The Pune budget document has a multi-hierarchical nature. To get it
to a stage where it can be read by a program and be open for visualizations, data analysis etc, it needs two things : a flattened table to load into a db, and a separate parent-child codes sheet to express the complex hierarchies of the budget book that get lost when we flatten the tables.
Part 1 : Analysis
Listing the tables in the 2017-18 PMC Budget Book
How are table-wise budget amounts controlled
The A_Revenue_Expenditures sheet has many entries that are called transfers to other sections. It seems like the other expenditure sheets 'get their funding' from Revenue_Expenditures.

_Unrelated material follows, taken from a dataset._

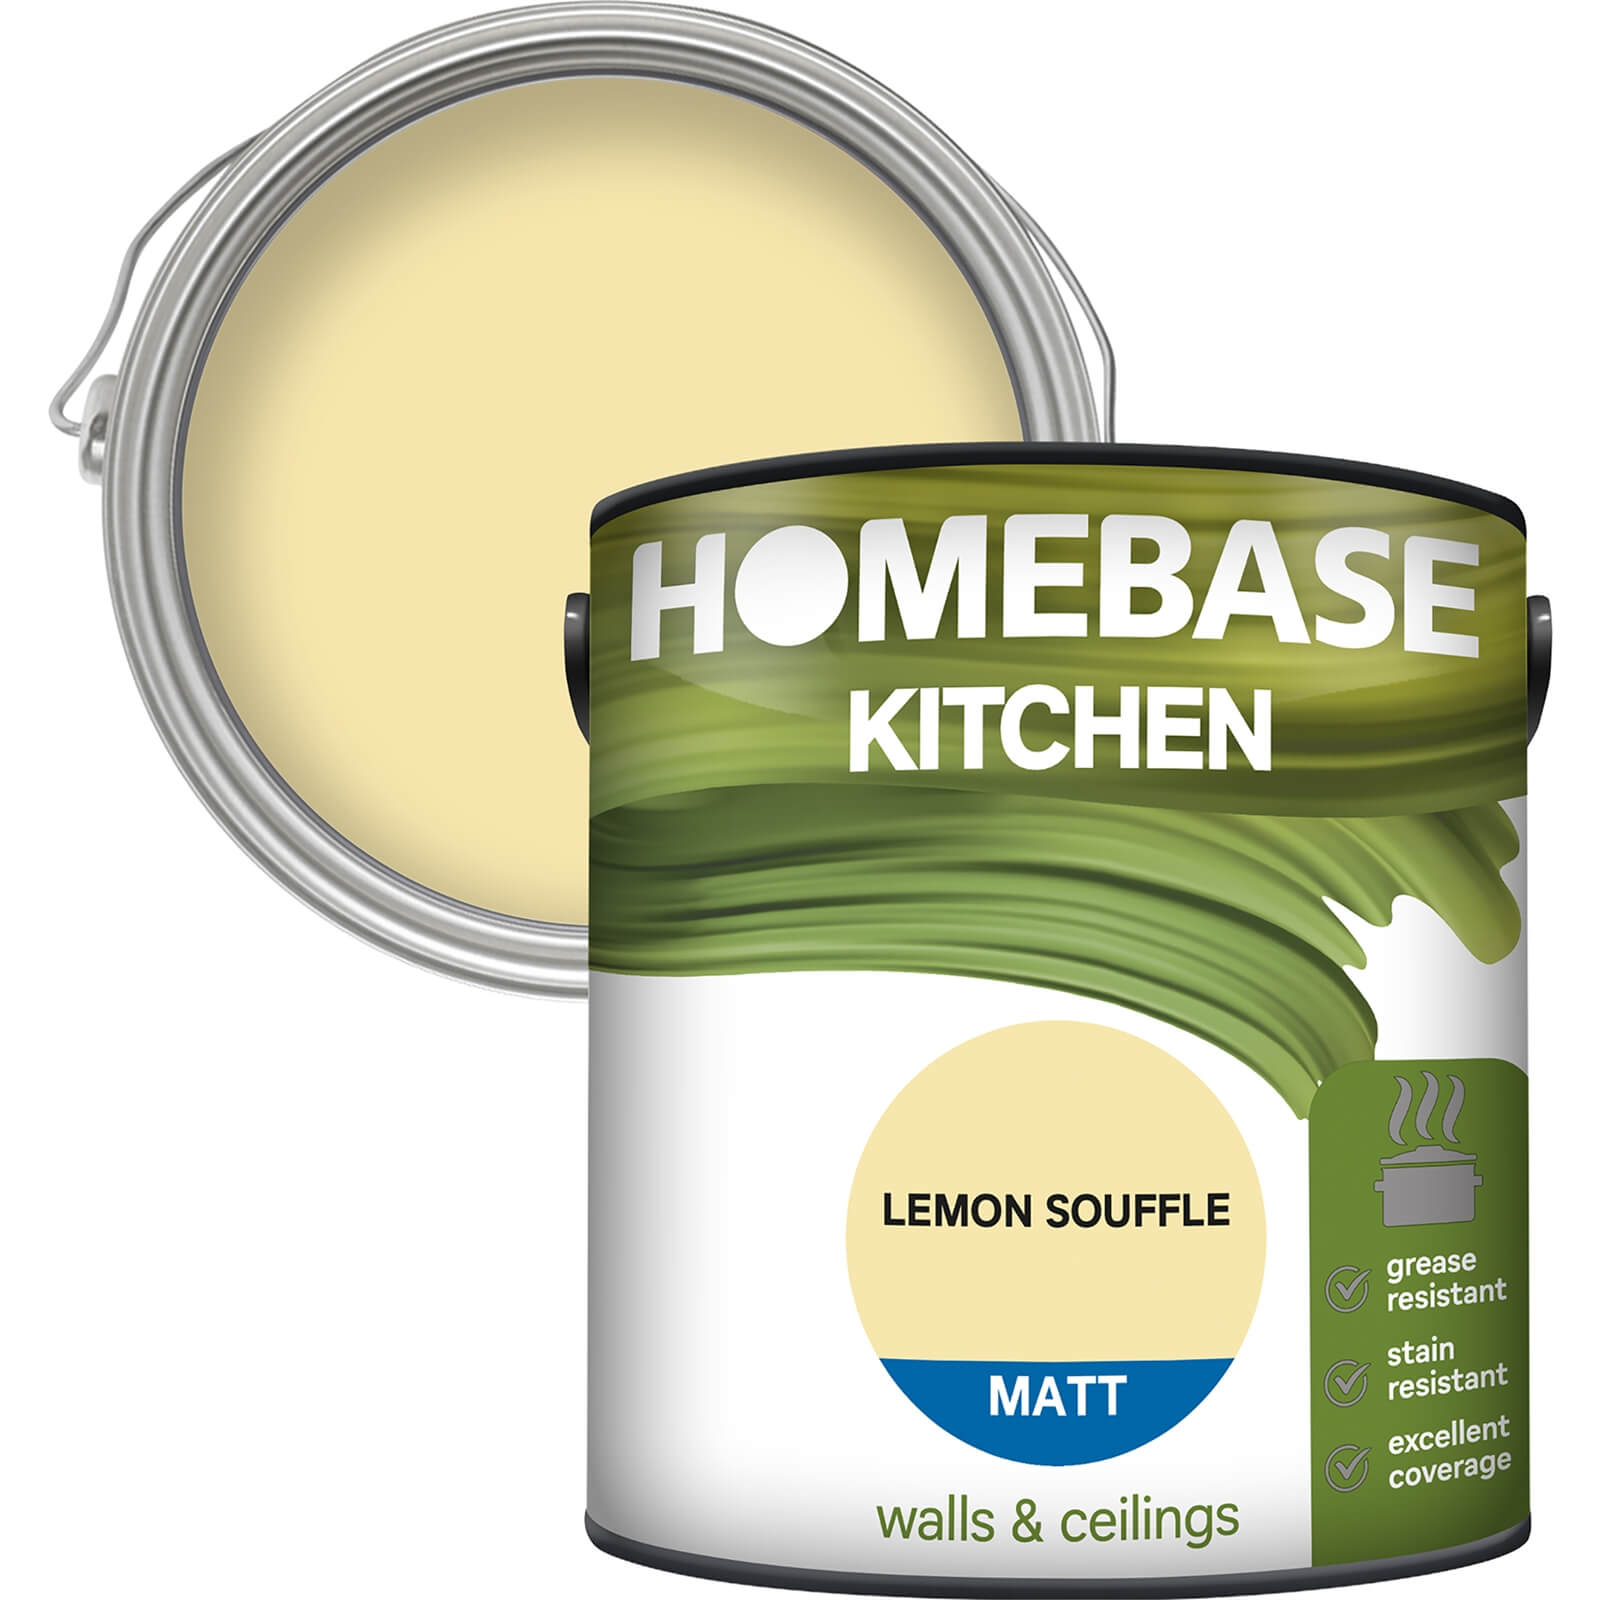 Homebase Kitchen Matt Paint - Lemon Souffle 2.5L

To do: trace the budget items showing transfers to other sections, verify figures.
Part 2: Flattening tables
Each sheet is to be cleaned up to make it program-readable.
Process to be done for each table:
- Unfreeze top rows/columns
- Put a cleaner header row at top, from the corresponding sheet in this file: 2017-18 budget simplified headers.ods.
- delete the original headers with the merged cells etc.
- Delete the lines with blank code cell, or which are just totalling etc.
Note from Nikhil : Not to be a spoilsport but this is easier to do in ms-excel than libre-calc, because when you set the filter to show just blanks and then select all the rows displayed and delete them, in excel it doesn't also delete all the other invisible (filtered) rows in between of the ones you have selected.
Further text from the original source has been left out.